Your request may be for disclosures made up to 6 years before the date of your request, but not for disclosures made before April 14, 2003. The first list you request within a 12-month period will be free. For additional lists, we may charge you for the costs of providing the list. We will notify you of the cost involved and you may choose to withdraw or modify your
request at the time before any costs are incurred.

Right to a Copy of This Notice

You have the right to request a copy of this Notice at any time by contacting the designated contact listed on the first page of this Notice. If you receive this Notice on our Website or by electronic mail, you also are entitled to request a paper copy of this Notice.

COMPLAINTS

You may complain to us if you believe that we have violated your privacy rights. You may file a complaint with us by calling us at the number listed on the first page of this Notice. A copy of a complaint form is available from this contact office.

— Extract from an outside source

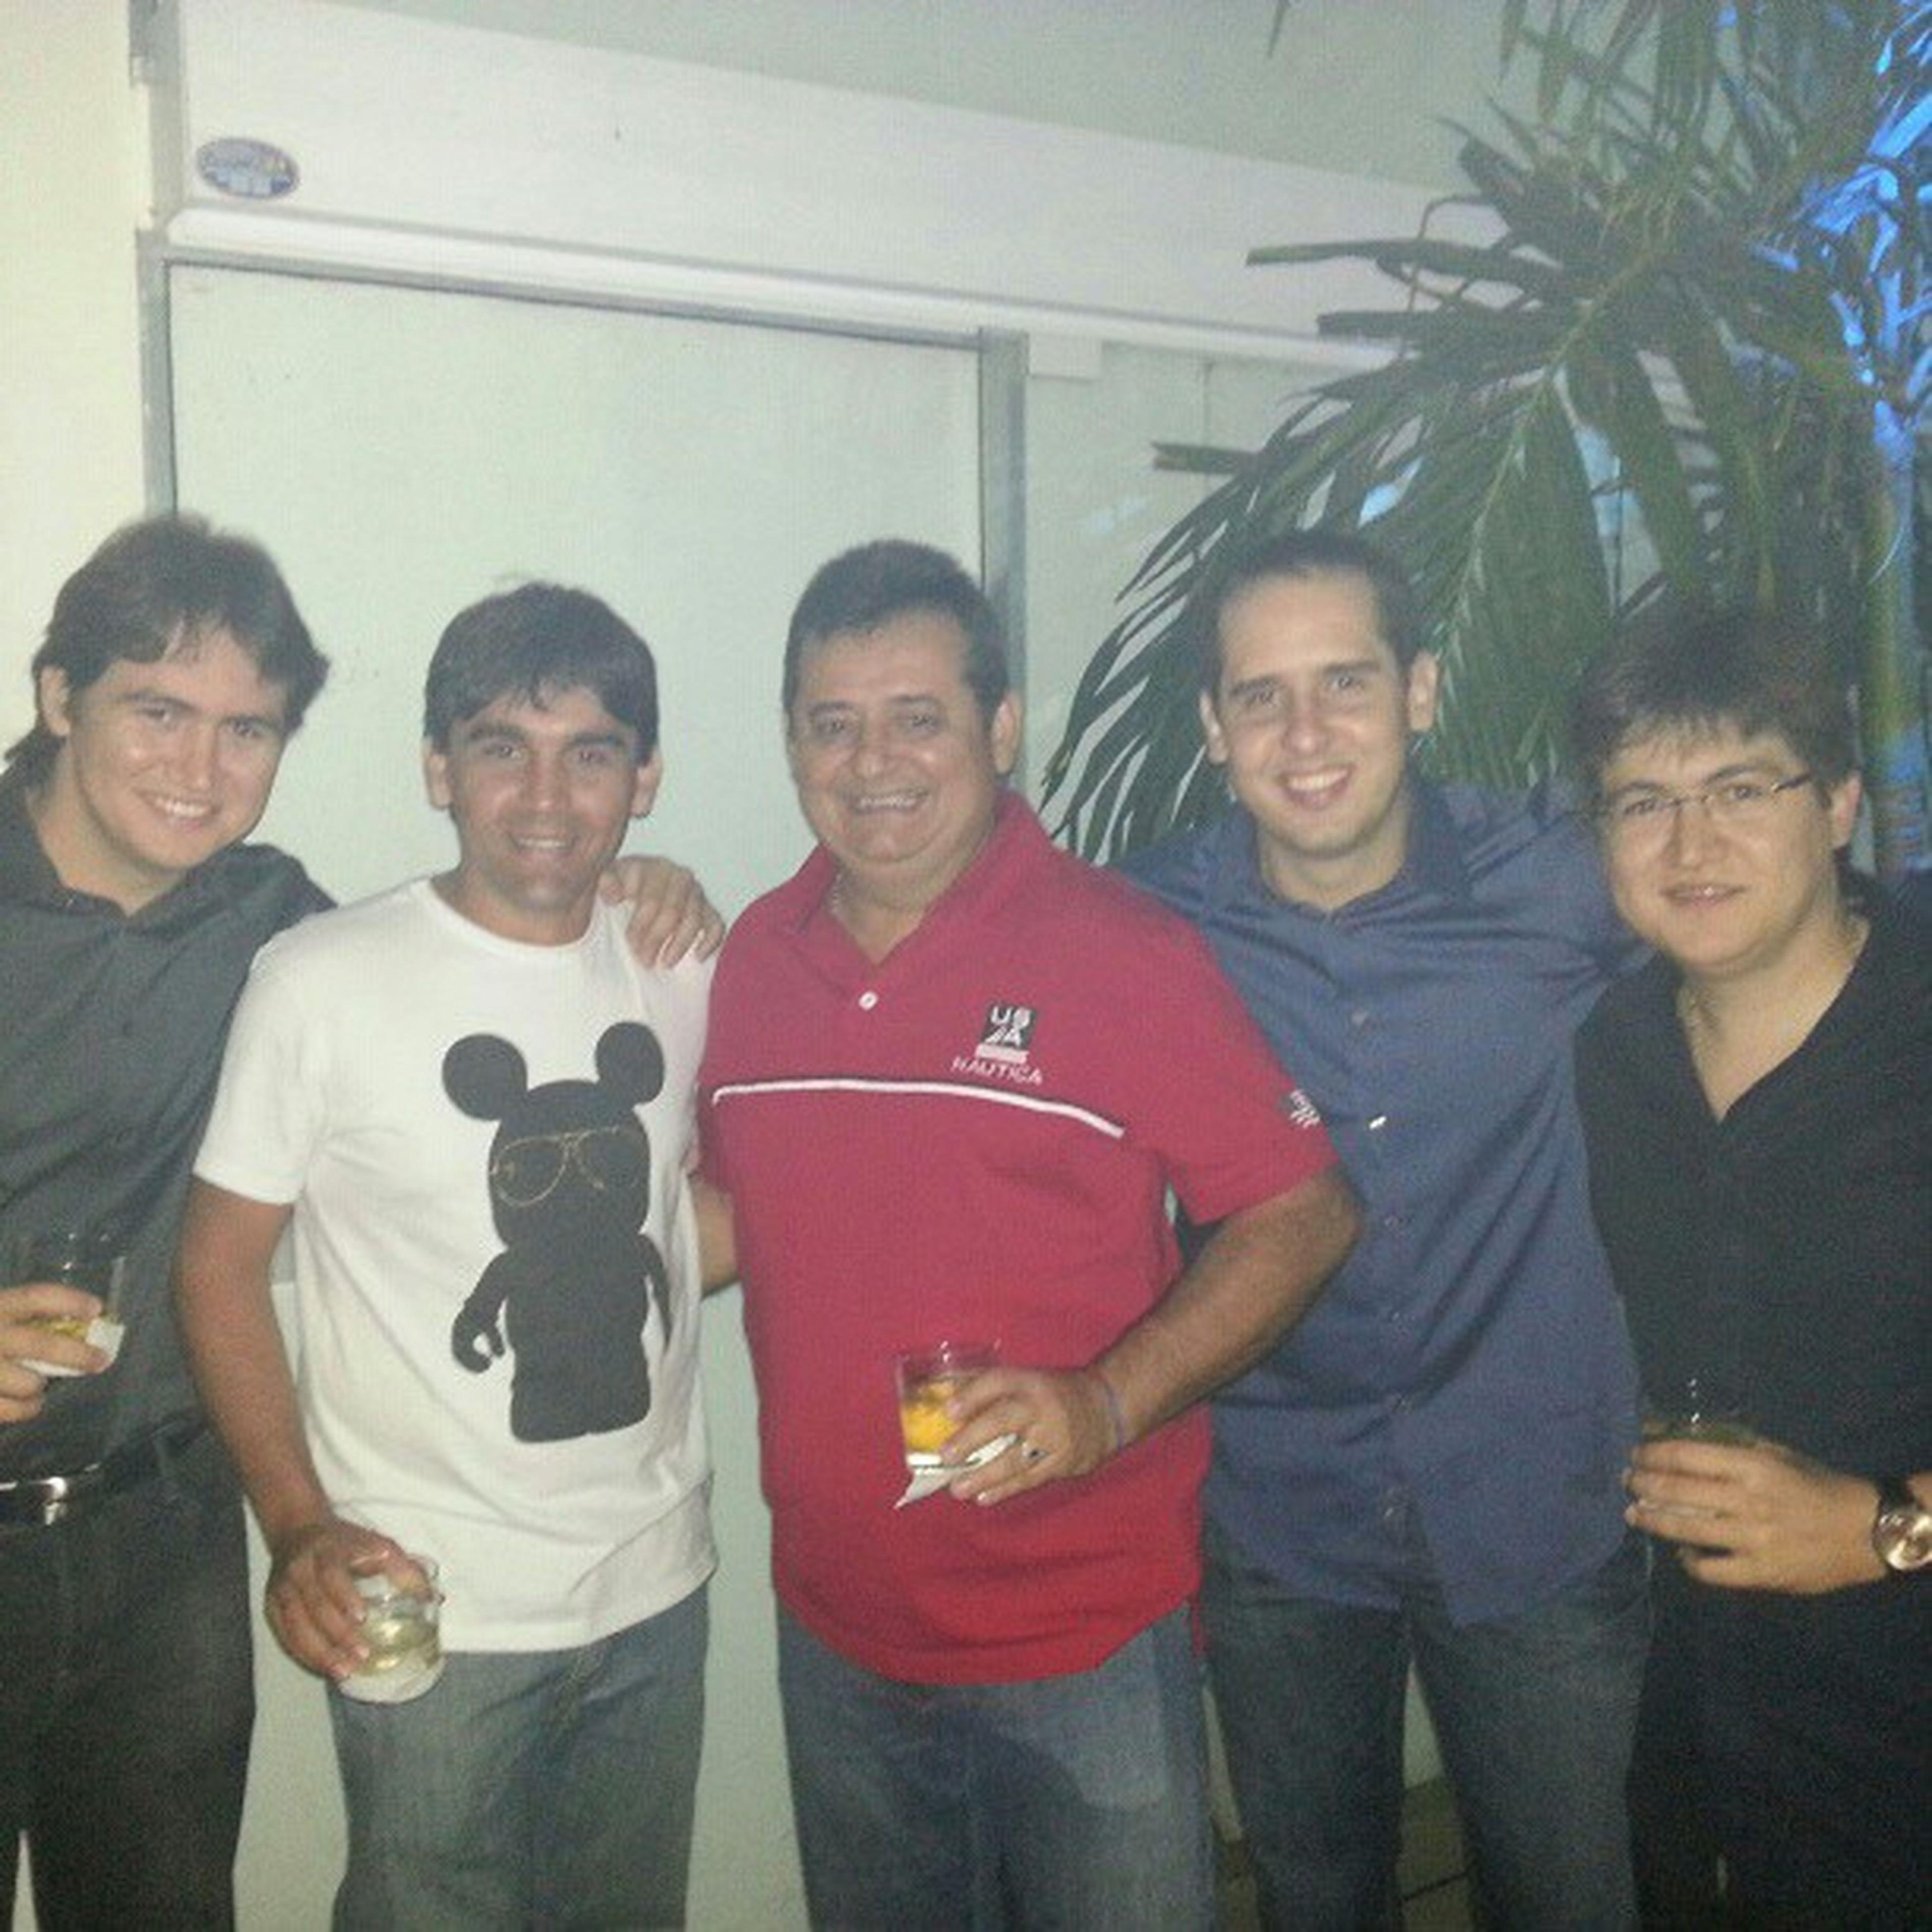 @diegolgoliveira @thiagotarta @kakatp @mariovilany . Party Instanight Friends

You also may file a complaint with the Secretary of the U.S. Department of Health and Human Services. Complaints filed directly with the Secretary must: (1) be in writing; (2) contain the name of the entity against which the complaint is lodged; (3) describe the relevant problems; and
(4) be filed within 180 days of the time you became or should have become aware of the problem.

We will not penalize or any other way retaliate against you for filing a complaint with the Secretary or with us.